In the 2006 Project ArAGATS field season, Maureen Marshall began conducting systematic excavations at the cemetery southeast of the Tsaghkahovit fortress. The cemetery, Burial Cluster 12, formerly East Cemetery 1, consists of three clusters of cromlech constructions built on the lower slopes of a narrow east-west oriented valley. The goal of the excavations are to better understand Late Bronze Age social and political life, both through the investigation of mortuary practices, as well as bioarchaeological analyses of the deceased individuals, and to contextualize the Tsaghkahovit cemetery within the changing burial practices of the 2nd millennium B.C. in the Southern Caucasus.
Maureen’s bioarchaeological project utilizes an osteobiographic approach in order to investigate several basic questions, including who were they and what did they do? The project thus examines how people interacted in the Tsaghkahovit Plain and beyond through movement and residential patterns by carrying out strontium isotope analysis. Through comparison of the strontium levels in teeth and bone it is possible to find out if an individual spent the last year of their life in the same place as which they were a child when their teeth were forming. Additional lines of investigation include analysis of health through observations of pathology, stress, and wear. Understanding people’s behaviors in life and how they changed over time allows a better understanding of socio-political processes of change in the Bronze Age.
Project ArAGATS first carried out excavations in BC12 in 1998 with the excavation of an oval shaped cromlech burial on the northeastern slope.

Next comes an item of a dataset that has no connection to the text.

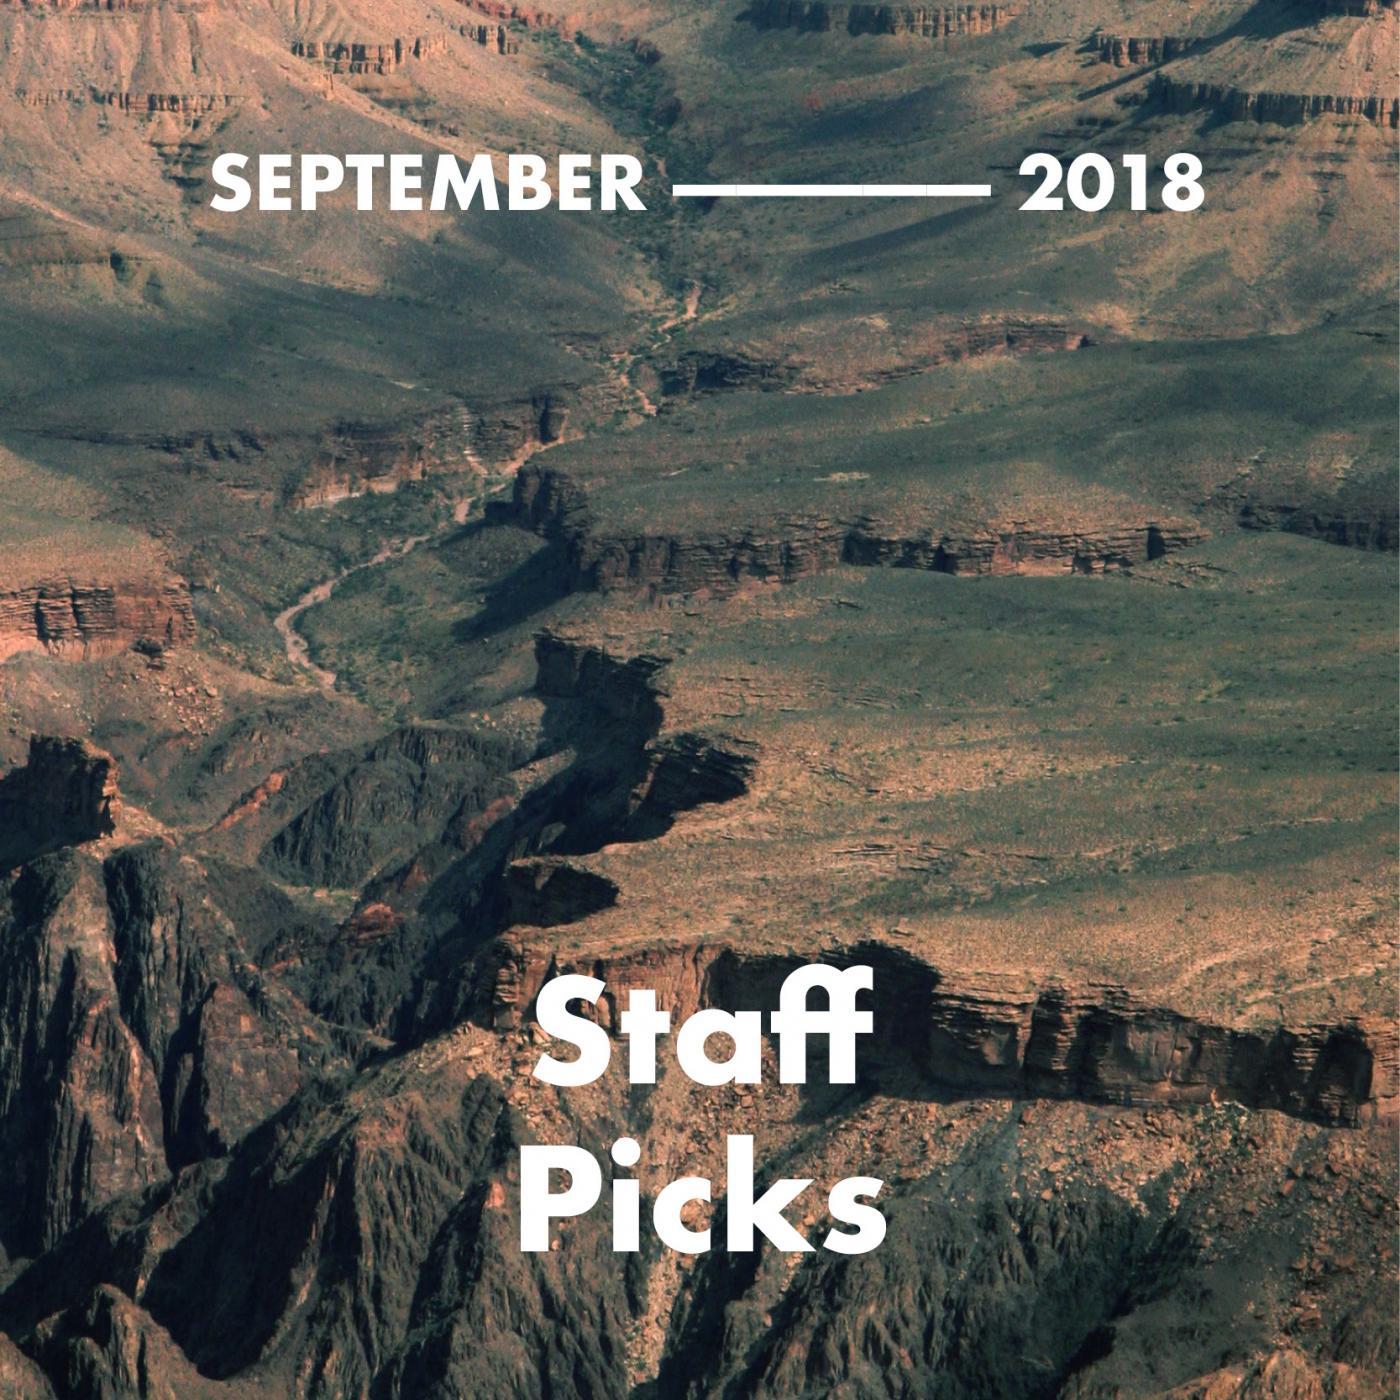 Staff Picks Playlist by The Venue Report

The excavations revealed two stratigraphically superimposed constructions with cist chambers, one of which contained only vessels, while the second also contained partial skeletal remains (long bones and crania). The 2006 investigations uncovered four cromlech burials. The first cromlech was a spiral design construction and did not contain any human remains or cultural materials and may be interpreted as a cenotaph. The second and third cromlechs each contained a single articulated individual and several vessels. Two articulated individuals, one with a bone toggle pin, were buried in the fourth cromlech. In 2008, an additional 4 cromlech tombs and one overlapping “bud” chamber were excavated on the facing slope. These tombs were all stone lined cists and ranged from fully articulated interments to the interment of select disarticulated remains. The tombs, associated materials, and human remains were analyzed and published in Marshall’s dissertation.

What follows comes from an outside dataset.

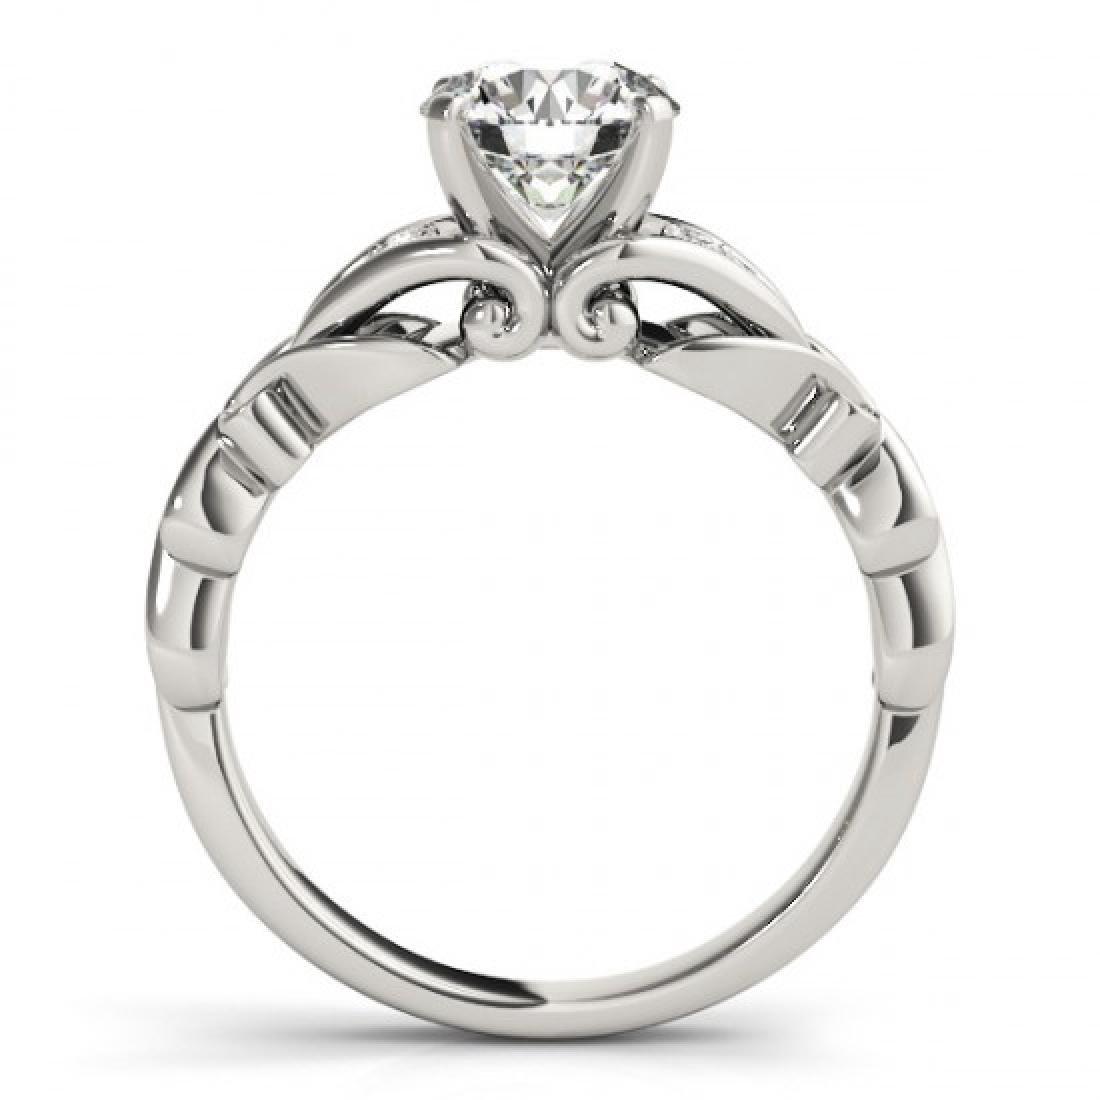 0.85 CTW VS/SI Diamond Solitaire Ring 18K White Gold - 2

In 2015, we returned to the Tsaghkahovit burial cluster and excavations continued on the northern slope of TsBC12, an area with densely packed tombs and apparent terracing walls that divide the tombs. In order to investigate temporal-spatial and architectural variation suggested by the 2006 and 2008 excavations, we opened a large trench, approximately 182m2 , that encompassed a terrace wall, four complete circular cromlechs and 1 rectangular cist north-east of (or upslope from) the terrace wall, and one complete cromlech south-west of (or downslope from) the terrace wall. The excavations shed light on the spatial and architectural relationship between the tombs and terrace wall, revealed a variety of sub-surface and surface architecture between neighboring tombs, and produced the skeletal remains of four individuals, which though preliminary are already shifting our perspective on the demography of the population interred at TsBC12. Analyses are currently underway that will shed greater light on the temporal-spatial relationships between the burials and on the lived experiences of the interred individuals.